Work task
Give back every line of the data exactly. Pictures are not part of the copy.

Collected data
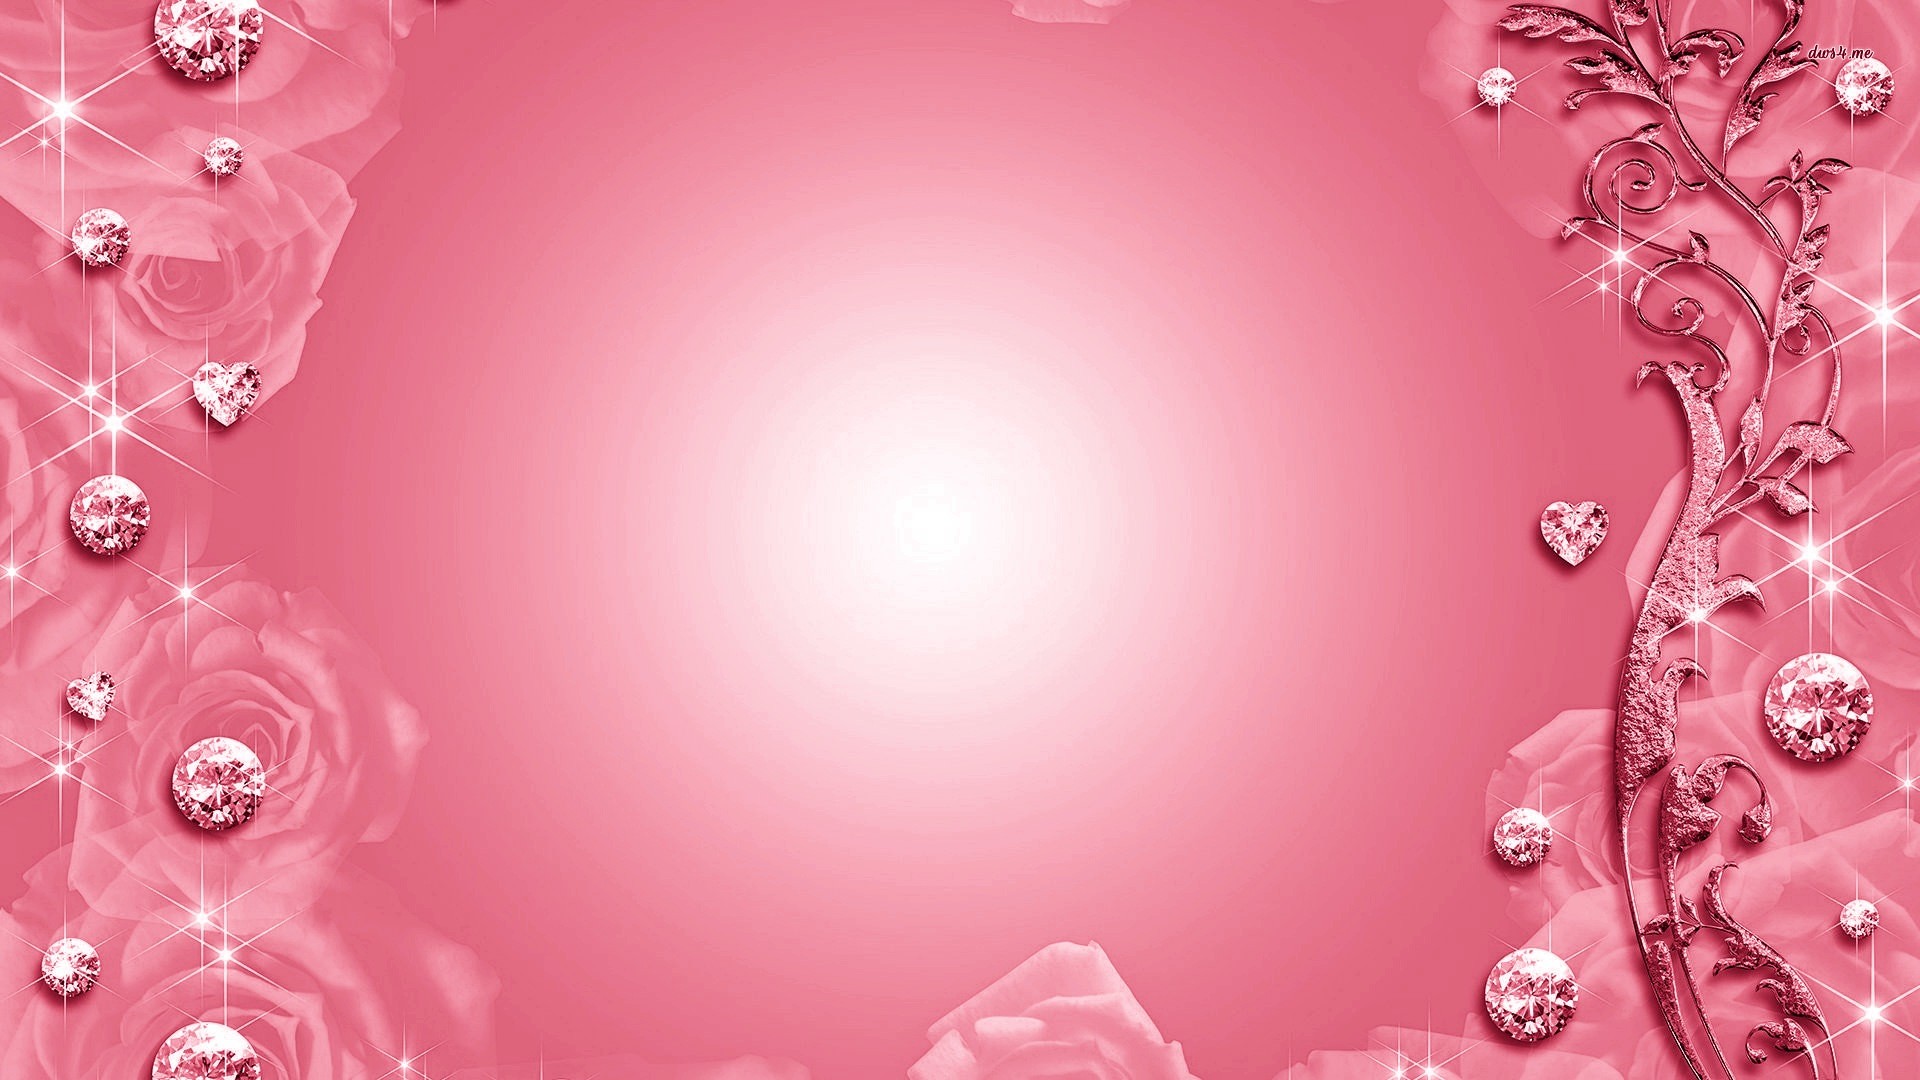 1920x1080 Download image Pink Diamond Desktop Wallpaper PC, Android, iPhone and .
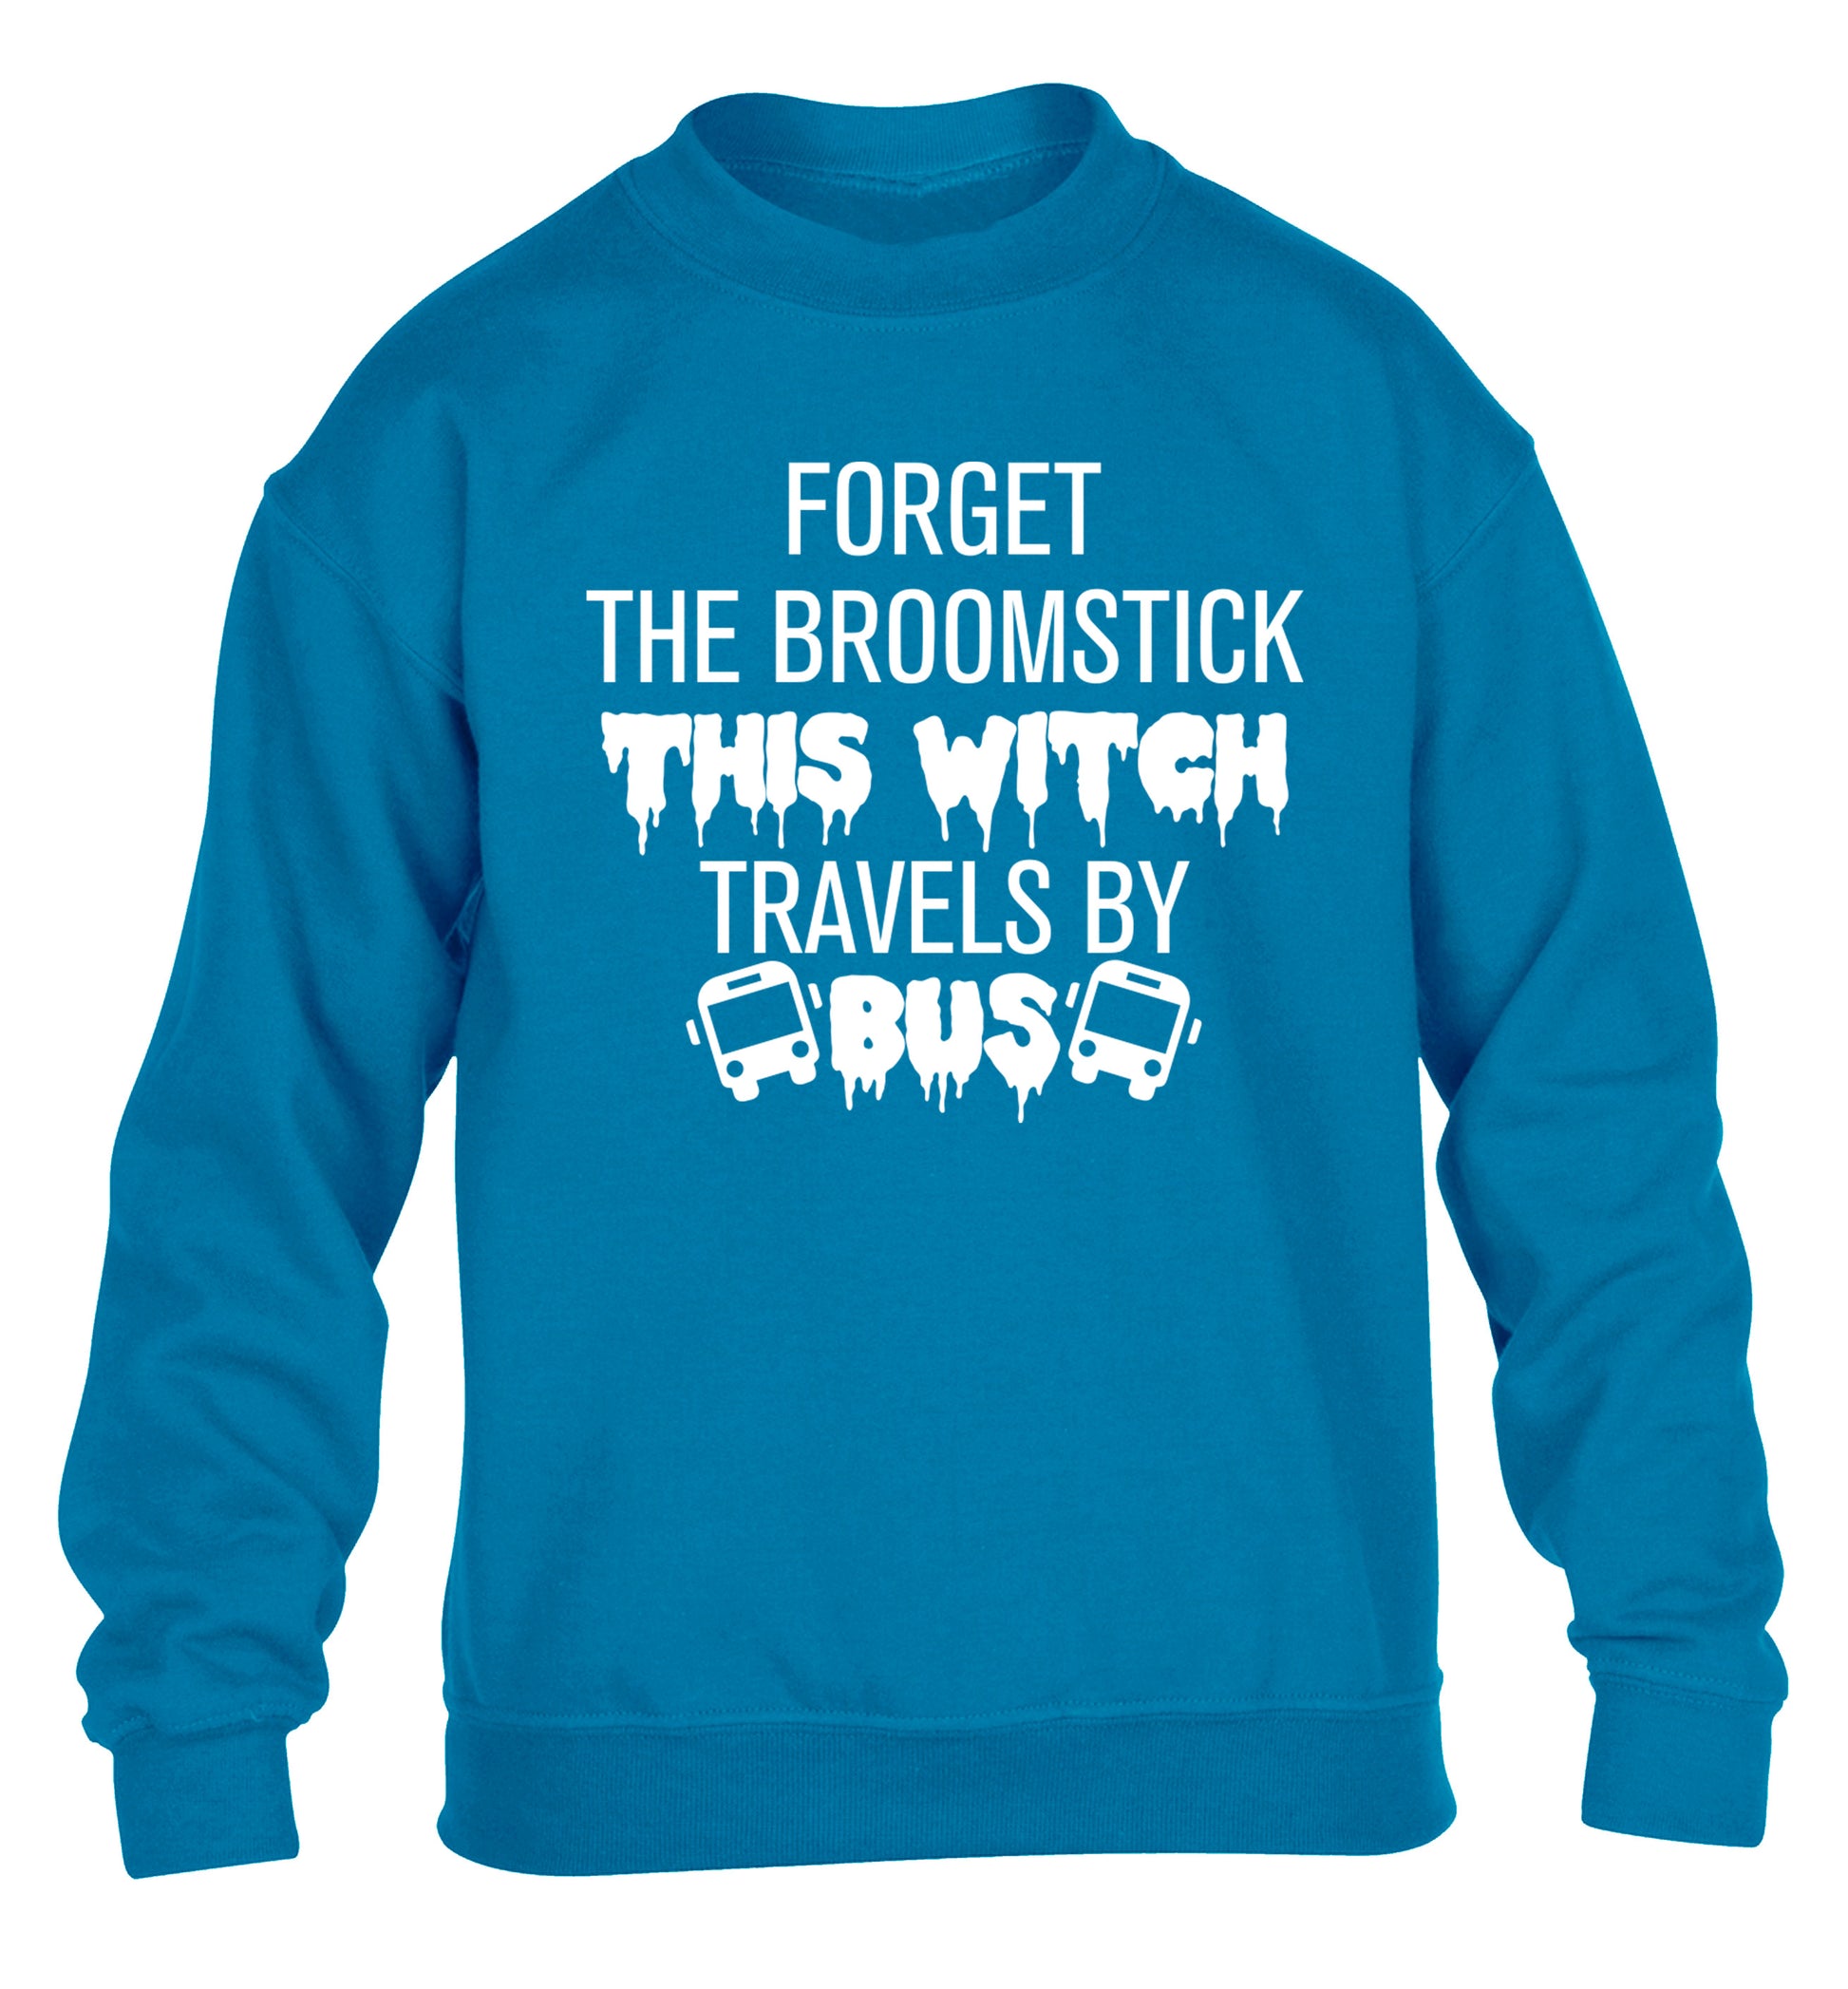 Forget the broomstick this witch travels by bus children's blue sweater 12-14 Years
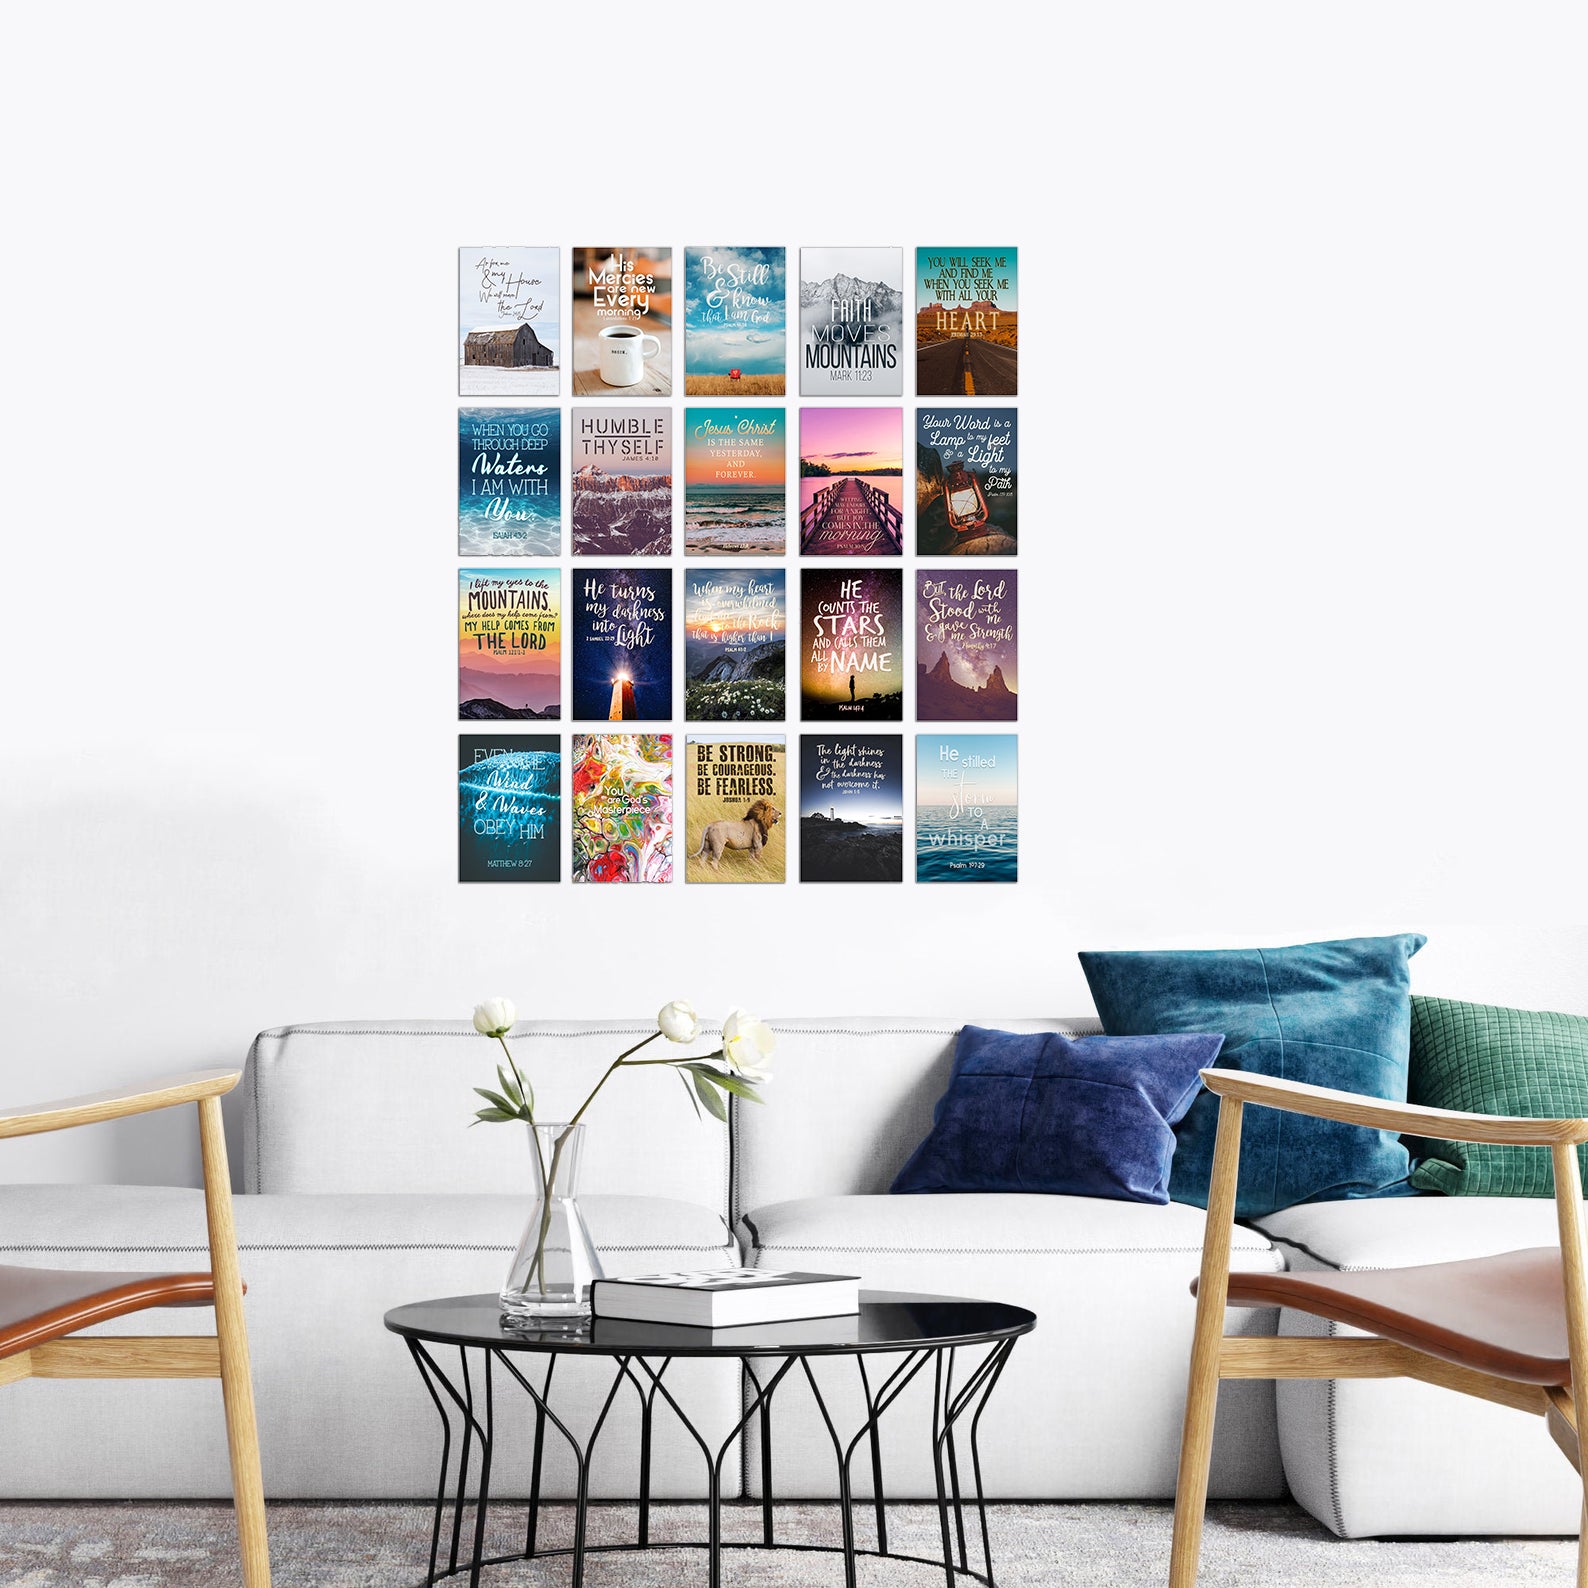 20 Bible Verse Photography Aesthetic Collage Kit, Teen Room Wall
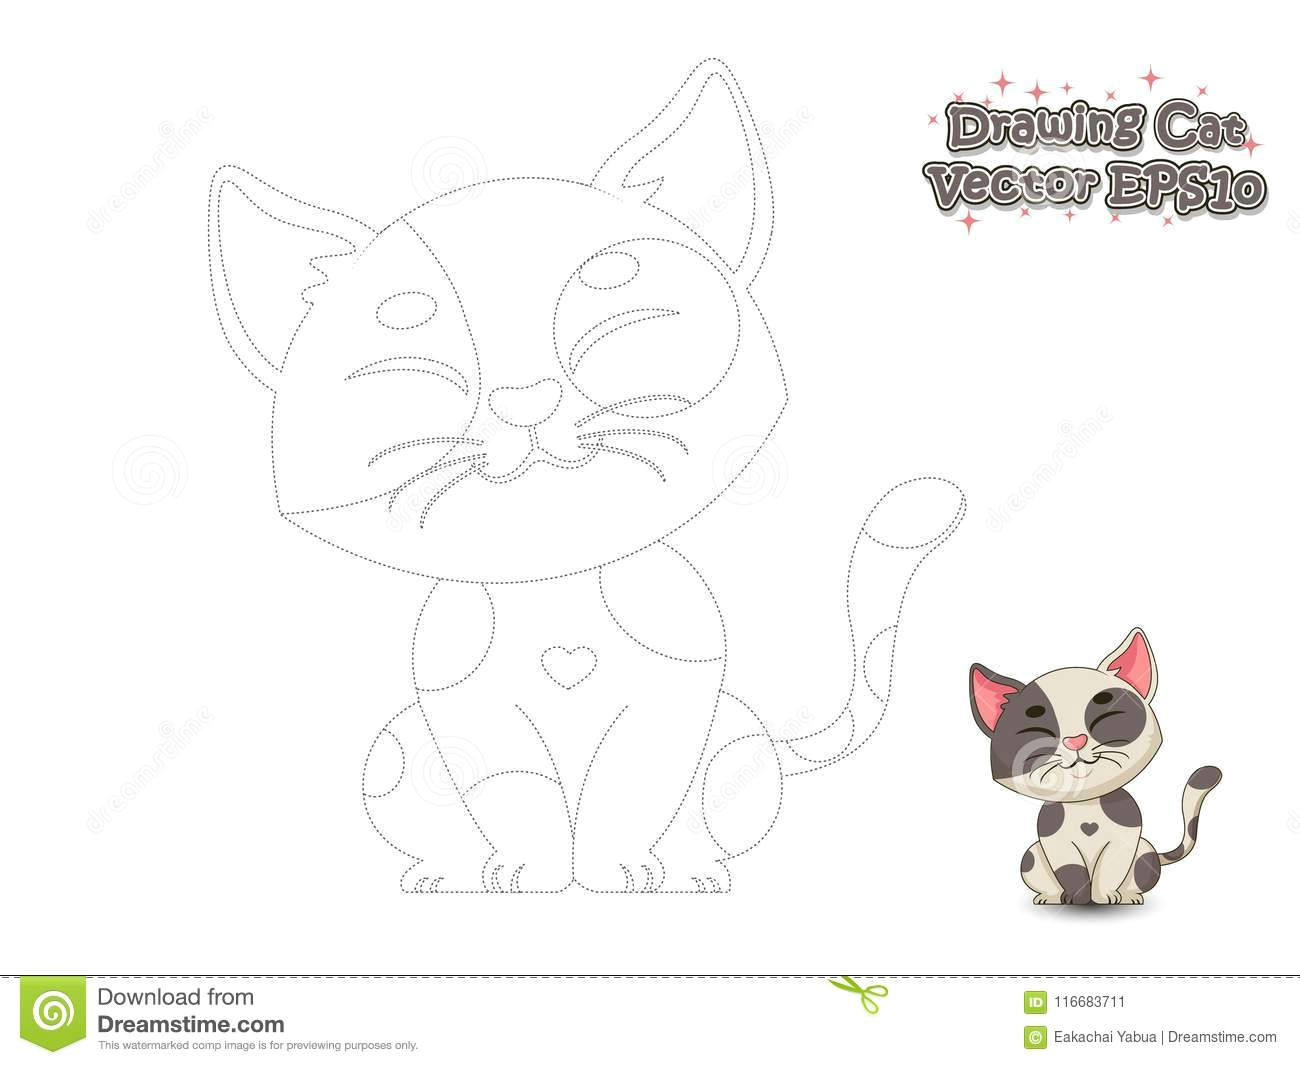 Children S Drawing Of A Cat Drawing and Paint Cute Cartoon Cat Educational Game for Kids V

Expected answer
 1920x1080 Download image Pink Diamond Desktop Wallpaper PC, Android, iPhone and .
 Forget the broomstick this witch travels by bus children's blue sweater 12-14 Years
 20 Bible Verse Photography Aesthetic Collage Kit, Teen Room Wall
 Children S Drawing Of A Cat Drawing and Paint Cute Cartoon Cat Educational Game for Kids V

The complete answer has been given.